-- Given data --
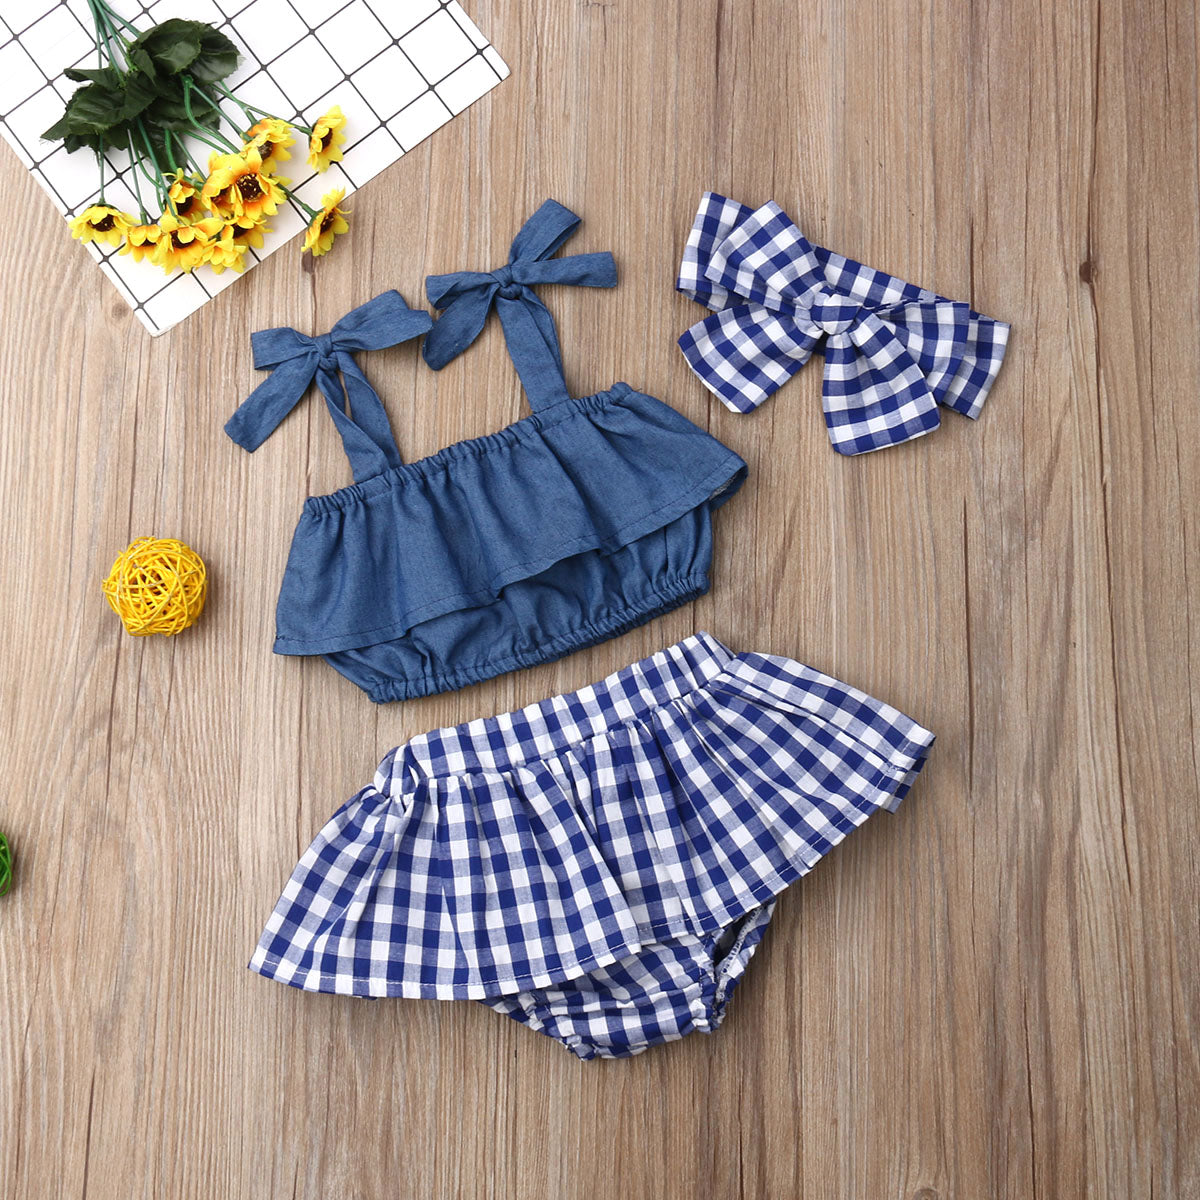 Pudcoco Newest Fashion Summer Newborn Baby Girl Clothes Sling Ruffle
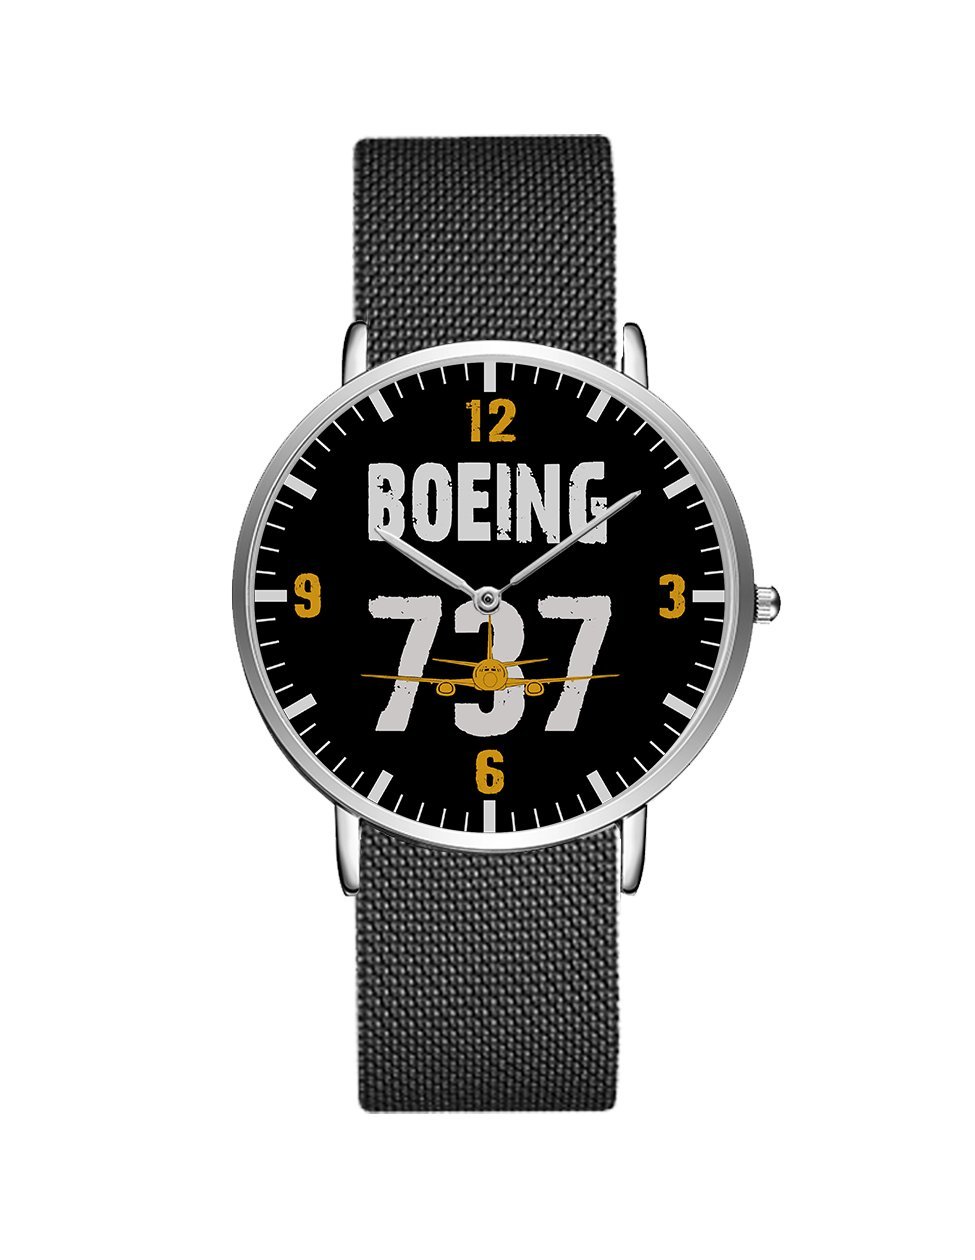 Boeing 737 Designed Stainless Steel Strap Watches Pilot Eyes Store Silver & Black Stainless Steel Strap 
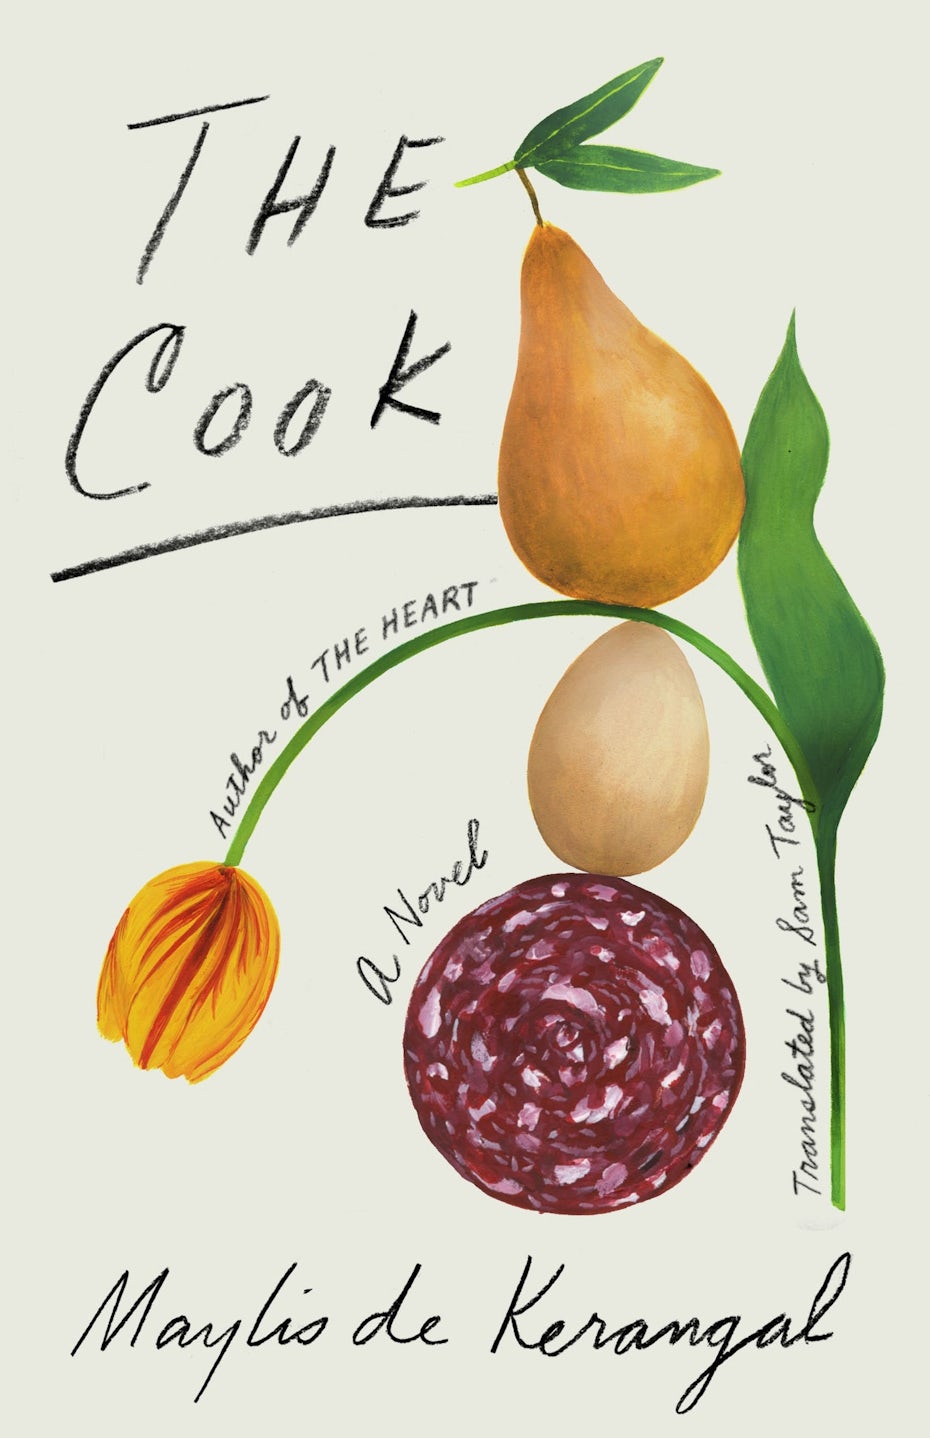 book cover trends 2020 example with handwritten pencil type and food illustratio

-- Exercise details --
Copy the full listing above exactly, apart from the pictures.

-- Answer to the problem --
 Pudcoco Newest Fashion Summer Newborn Baby Girl Clothes Sling Ruffle
 Boeing 737 Designed Stainless Steel Strap Watches Pilot Eyes Store Silver & Black Stainless Steel Strap 
 book cover trends 2020 example with handwritten pencil type and food illustratio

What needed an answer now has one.